The most common red flags that suggest a headache needs to be checked are…
1. Sudden onset
The abrupt onset of a severe headache may be reason for concern, says Turner – an example could be if the headache is at its peak in less than a minute or two. Ahmed describes these as thunderclap headaches, and explains: “This means a sudden onset of headache as if someone has hit your head with a cricket bat.”
2. Neck stiffness & fever
If the headache is coupled with neck stiffness or a fever, Turner warns these are possible features of meningitis and require urgent medical attention.

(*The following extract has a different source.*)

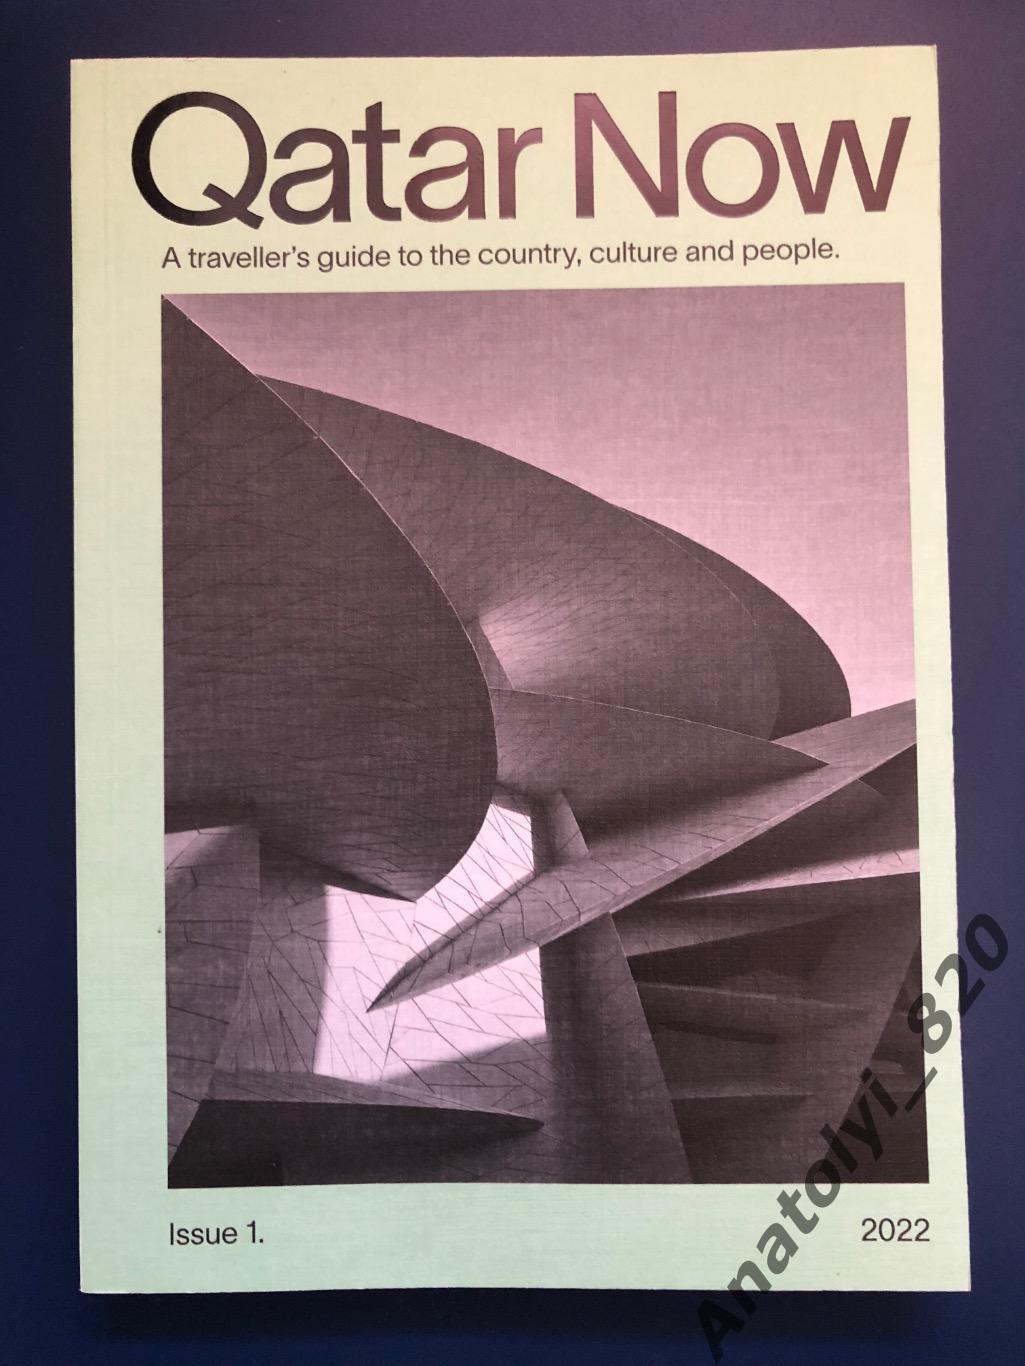 Катар сейчас 2022 год, путеводитель путешественника по стране, культуре и людям
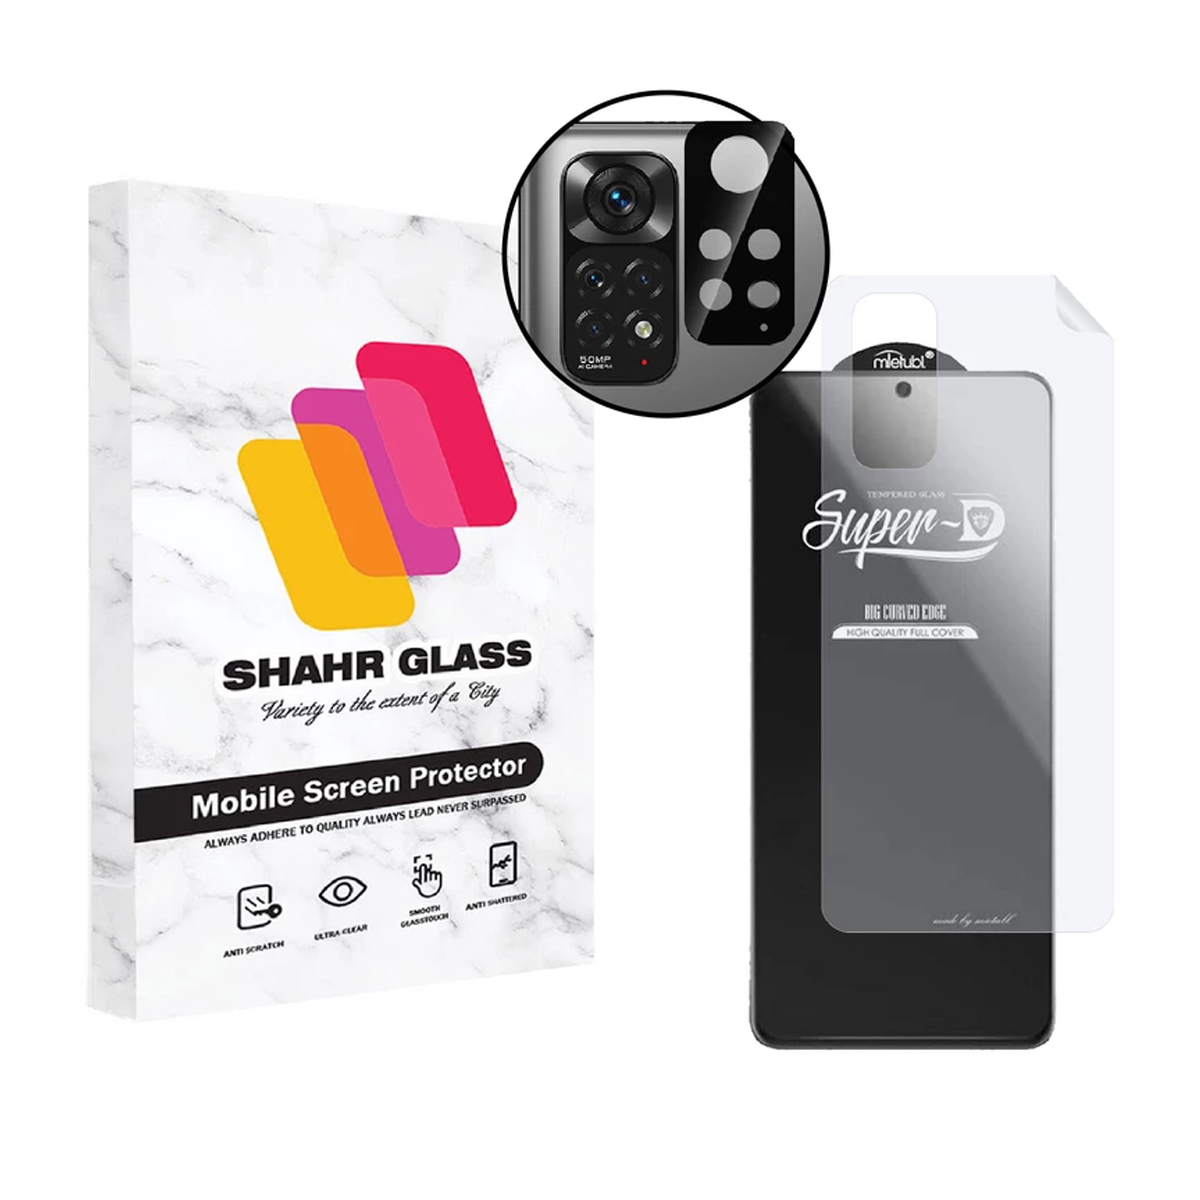 گلس گوشی شیائومی Redmi Note 11 شهر گلس مدل 3SNF-Glass به همراه محافظ پشت گوشی و محافظ لنز دوربین-مشکی

3. Possible stroke symptoms
If you have a headache alongside symptoms such as double vision, loss of vision, alteration in consciousness, weakness of a limb or a seizure, these could be signs of a stroke, and should be checked even if they’re short-lived. Ahmed says: “Headaches associated with loss of vision, weakness, slurred speech or any other focal symptoms that persist for more than an hour need medical attention.”
4. Headache that wakes you in the night
Turner says that if a headache is waking a patient up in the night, or worsening when lying down or in the morning, it can be associated with raised pressure in the head. This increased intracranial pressure, or intracranial hypertension (IH), can occur suddenly after a severe head injury or stroke, according to the NHS, or, rarely, it can be a persistent, long-lasting problem, with no clear cause.
5. Headaches caused by straining
Ahmed says headaches caused by straining such as coughing, sneezing or bending forward could indicate a serious problem and should be checked.
6. Change from normal
If a previously existing benign headache changes its characteristics, it’s worth getting this checked out too, says Ahmed.
7. Headaches in older people and those with pre-existing medical conditions
The new onset of headaches in people above the age of 50 or in those on steroids, or who have had cancer or HIV could be a red flag symptom, warns Ahmed.
And Turner adds: “The older the patient, the greater chance a headache is likely to be associated with a more serious medical condition.”